Contesting History: Revisiting Native American Identity Through the Narratives of Momaday and Erdrich

Abstract

This paper will study the works of prominent Native American writers like N.Scott Momaday and Louise Erdrich to illustrate how their works have surpassed the boundaries of the mainstream American Literature in expressing “truths” about the past that conventional history cannot articulate. Analyzing how history in the Native American context is connected to ideas of land, nationhood and spirituality, this paper will analyze the nuances of Native American identity and how Momaday and Erdrich aim to revisit and rewrite Native American history through their narrative, challenging and exploring those that were ignored or utterly misrepresented by conventional histories. Coming from a small state in the North-eastern part of India where the influence of Western culture is slowly eating away the tribal identity of the natives, this writer will draw on her own subject-position as a Mizo to reflect on the issues raised by Native American writers in articulating how tribal identity is closely intertwined with history.
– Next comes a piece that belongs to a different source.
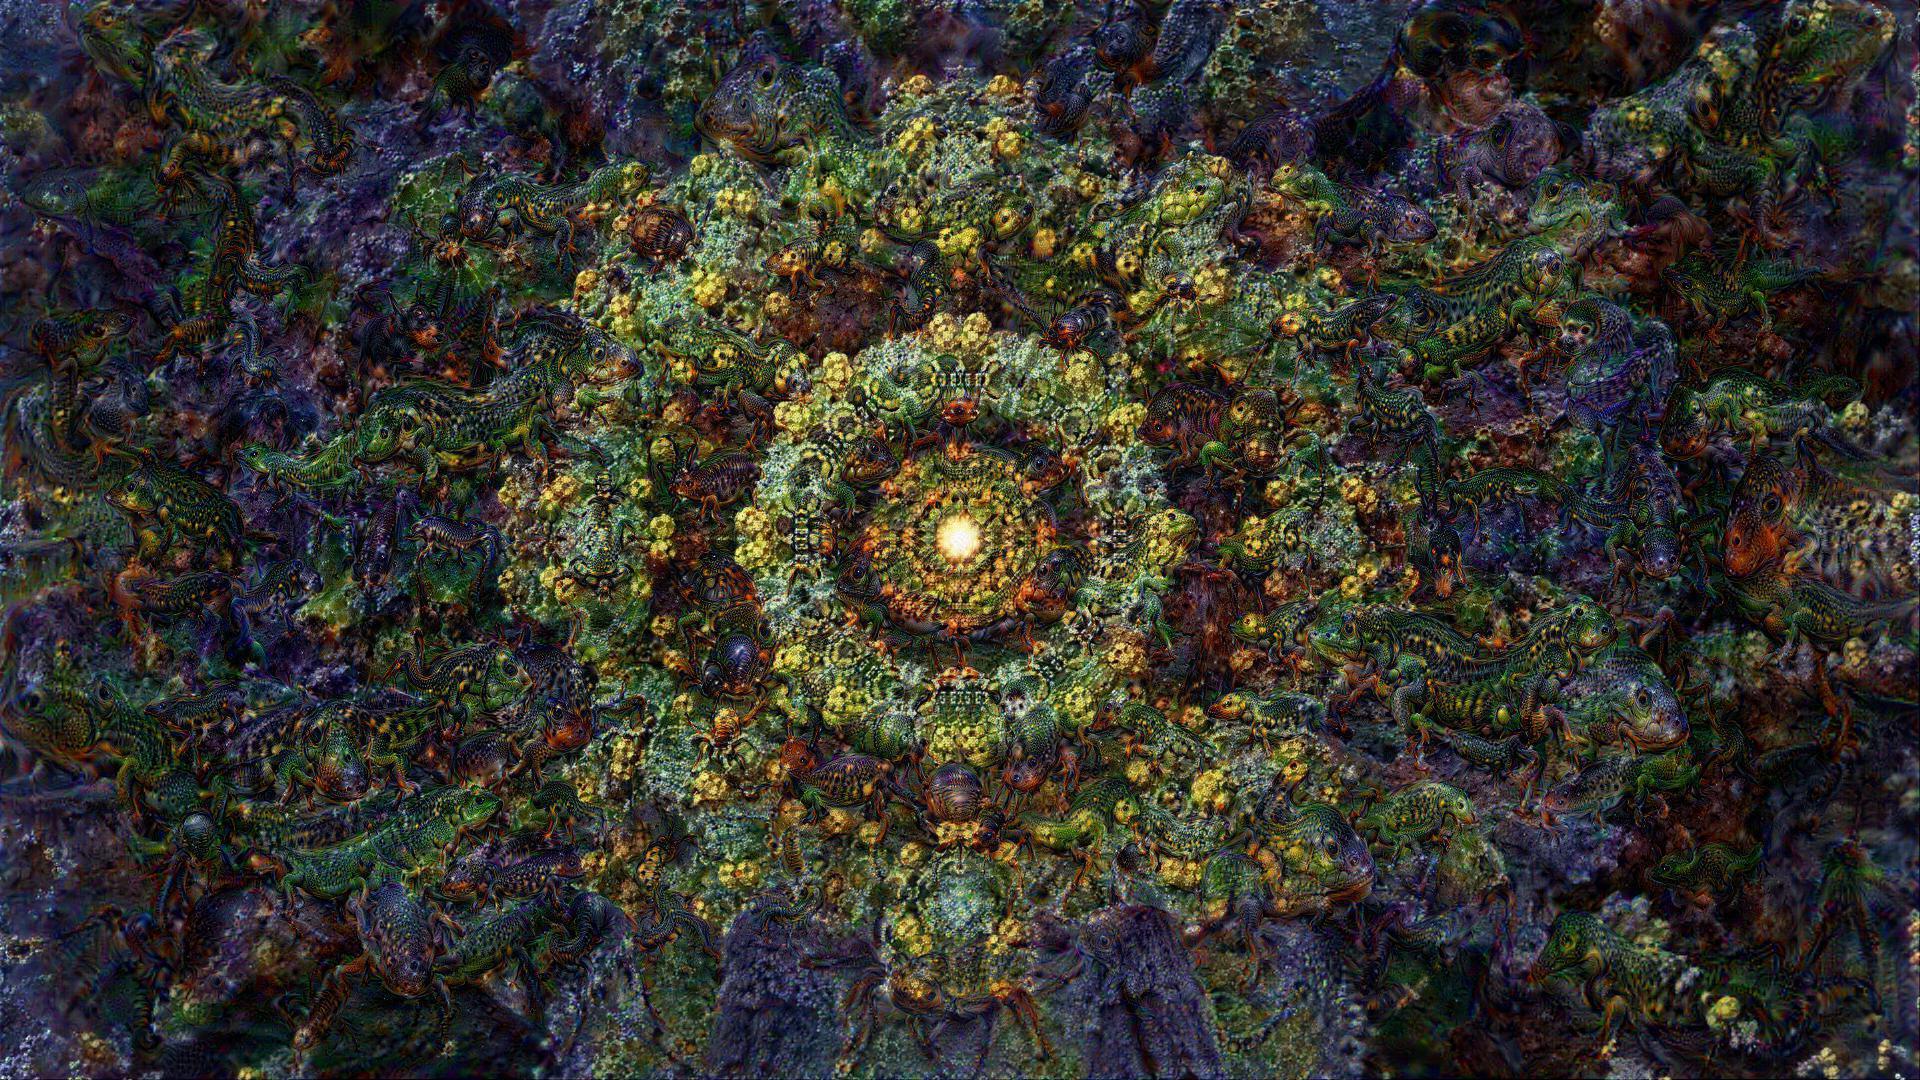 ACID EYE 360 VR - Psychedelic Deep Dream Fractal 3 by schizo604
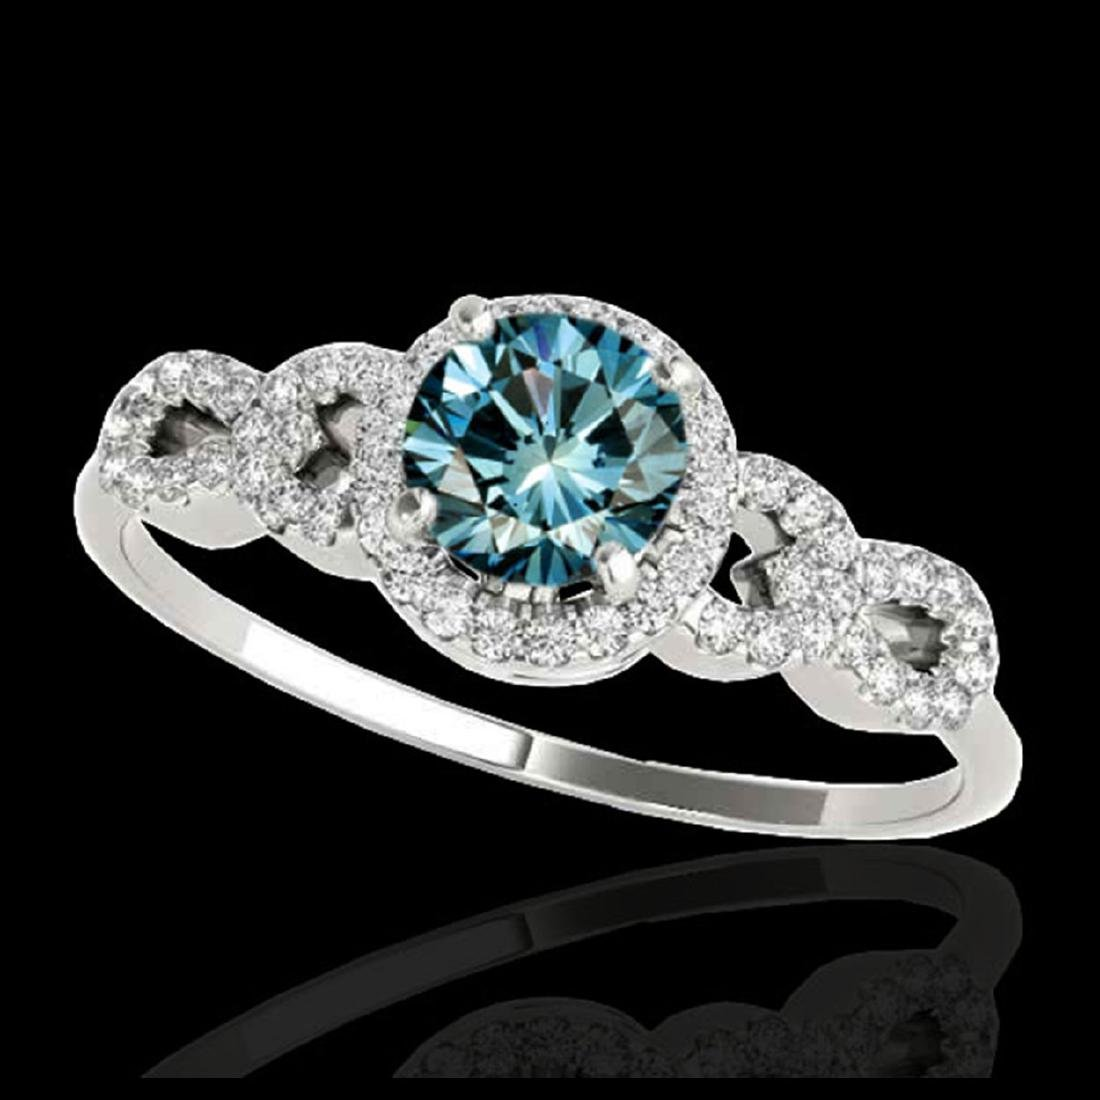 1.33 ctw SI Fancy Blue Diamond Solitaire Ring 10K White

This paper will therefore aim to reflect the extent to which such erasure and distortion of history is echoed in this writer's own context, and how it may, arguably, be integral to the experiences of tribal nations around the world.



Author Information
Lalrinchhani Hmar, Mizoram University, India

Paper Information
Conference: ECAH2017
Stream: Humanities - Literature/Literary Studies*

This paper is part of the ECAH2017 Conference Proceedings (View)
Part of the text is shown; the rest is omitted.